When safety professionals attempt to justify a financial investment in safety to bosses or managers who think in terms of dollars instead of lives, they often cite the costs of workplace injuries to bolster their argument. Many organizations – including the National Safety Council and OSHA – have developed models to estimate the cost of a workplace injury, but predictions can vary. After all, it’s not easy to land on a dollar amount that accurately reflects the cost of a workplace injury, considering variables like a worker’s age and industry. We do know that direct costs of workplace injuries (like workers’ compensation, litigation, & medical expenses) added to indirect costs (things like administrative fees, bad publicity, loss of productivity and overtime costs necessitated by worker absence) can produce a formidable sum in the millions of dollars. Sometimes the fear of these colossal costs is enough to provoke positive change. For those decision-makers who aren’t swayed by the potential costs of inaction, why not consider the advantages of action? Bosses or managers who focus only on the financial return on investment can miss opportunities to enact beneficial and profitable changes at their company, because not every safety improvement will have an obvious (or measurable) business benefit — at first.
In his book Safety Manager’s Guide to Office Ergonomics, Craig Chasen writes about the unforeseen benefits of implementing his first ergonomics program as an EH&S manager at a large high-tech company in Boulder, Colorado. He began by attending a new employee orientation meeting every week and spending time with a new employee at their workstation to ensure a proper fit. The weekly orientation became a standard component of the safety program, and later, the risk management department began to notice that employee compliance with other safety activities – like hazcom and fire drills – was at an all-time high. Although the success of the safety program was initially attributed to vague notions like social awareness or the charisma of the current safety manager, an employee survey later revealed that those who participated in the ergonomic evaluation during their first week of employment later became “unwitting allies” of the safety program. The entire safety program, therefore, enjoyed higher rates of participation and success as a result of the assistance that employees received from the ergonomics assessment.
A Schneider Electric facility, discussed in an article by Safety+Health Magazine, provides another good example. The Schneider Electric facility had a floor level conveyor system that presented a tripping hazard, but the company believed that elevating the system would be too expensive. However, after an employee tripped and suffered a broken hip, the facility finally decided to elevate the system. Although the initial investment was around $1 million for the new equipment, the elevated conveyor eventually paid for itself by not only reducing a trip hazard, but improving the production process and increasing productivity as well. The elevated conveyor is a testament to how an initial investment in safety can bring unforeseen benefits to business over time.

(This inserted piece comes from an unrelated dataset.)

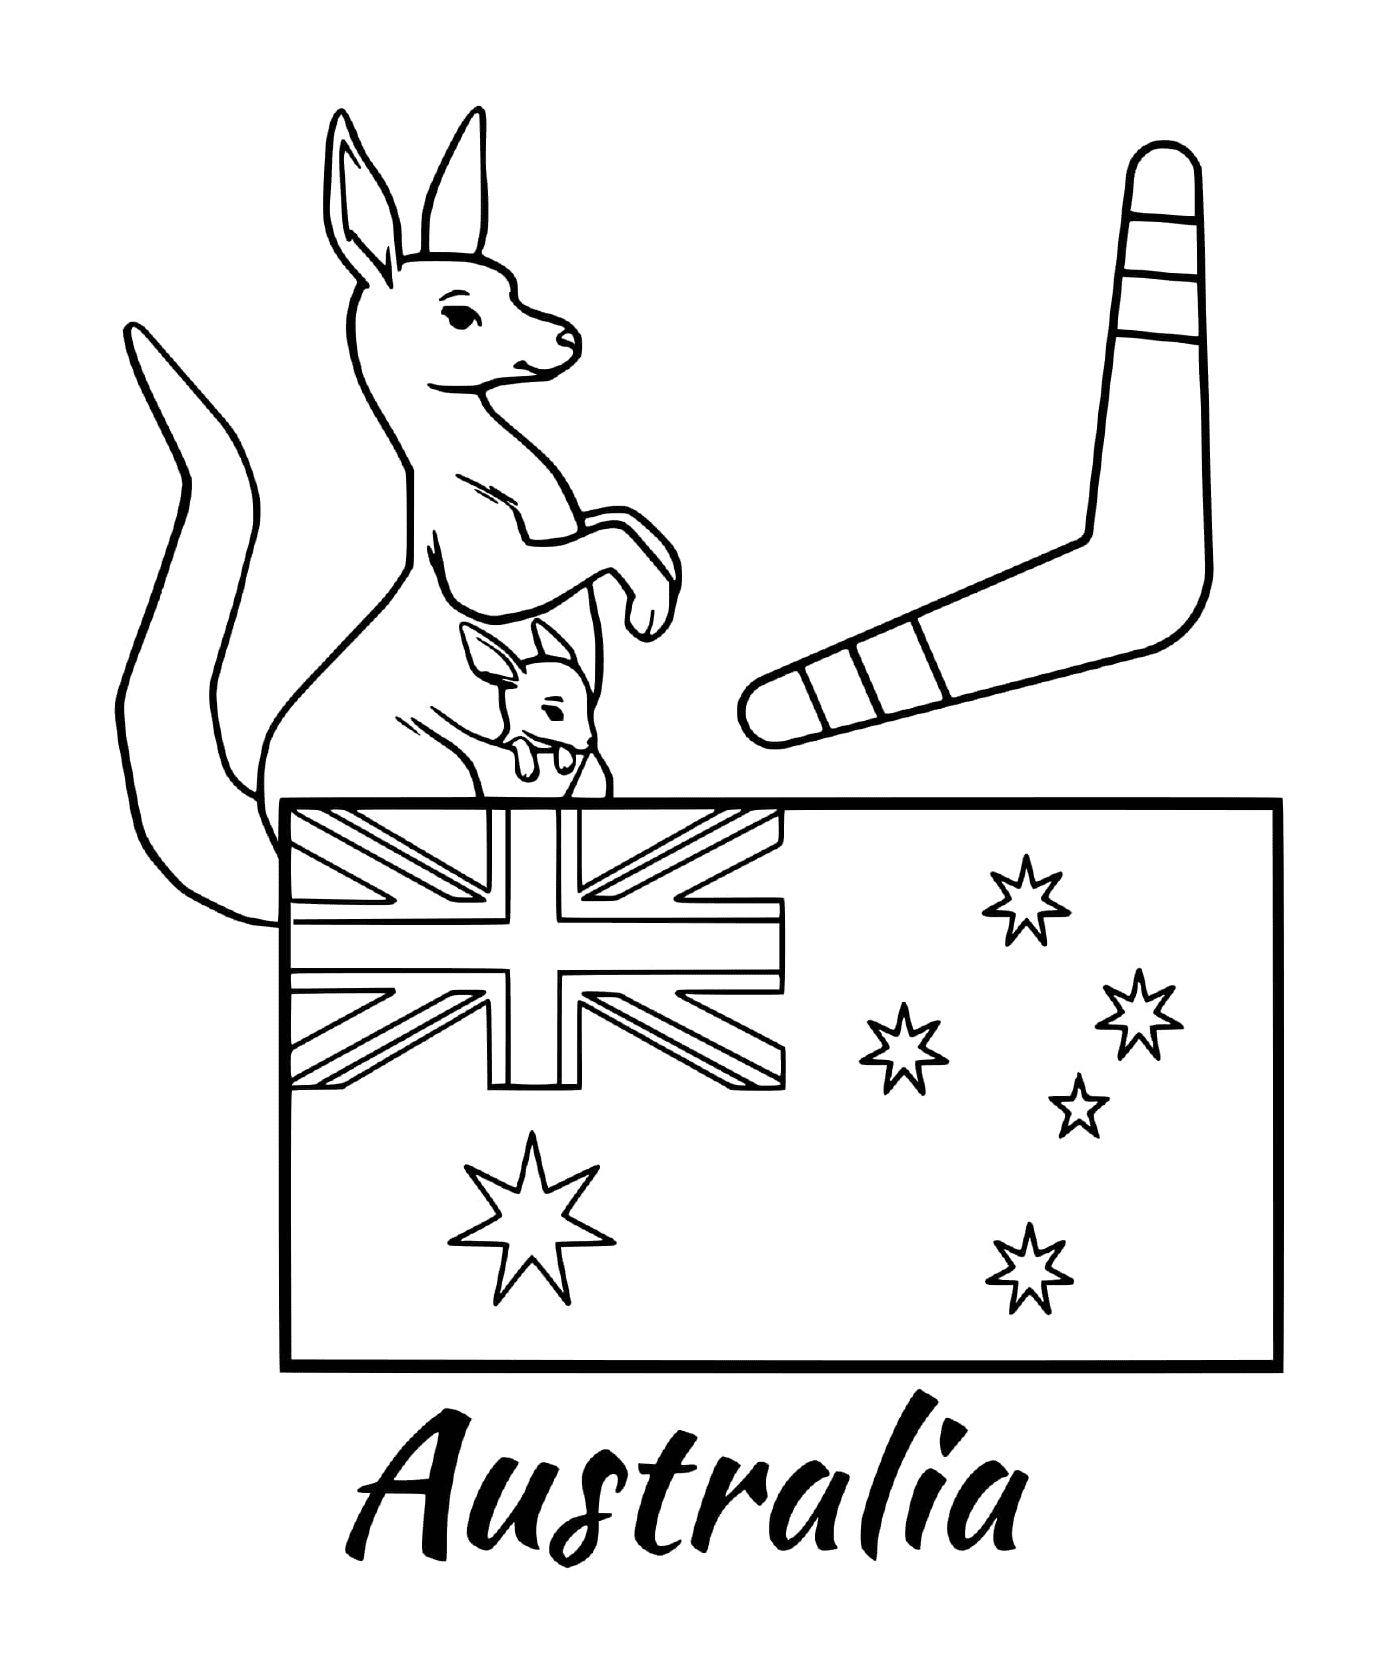  澳大利亚国旗,手持勃勃罗朗

When upper management has a tight clutch on the purse strings, sometimes only the possibility of making more money will loosen the grip. Identify the many ways in which safety makes money and improves production, and be mindful that many safety improvements don’t yield measurable results overnight. Investing in a safety program or new equipment may feel like a leap of faith without hard numbers to justify the expense — until you recognize the value of intangible improvements to worker morale and company safety culture. Although cost savings are an understandable motivator, safety’s biggest return on investment is — and should be — the lives of workers. When employers base decisions on whether it will keep workers safe — instead of cost savings — the rewards of a safe and productive business will inevitably follow.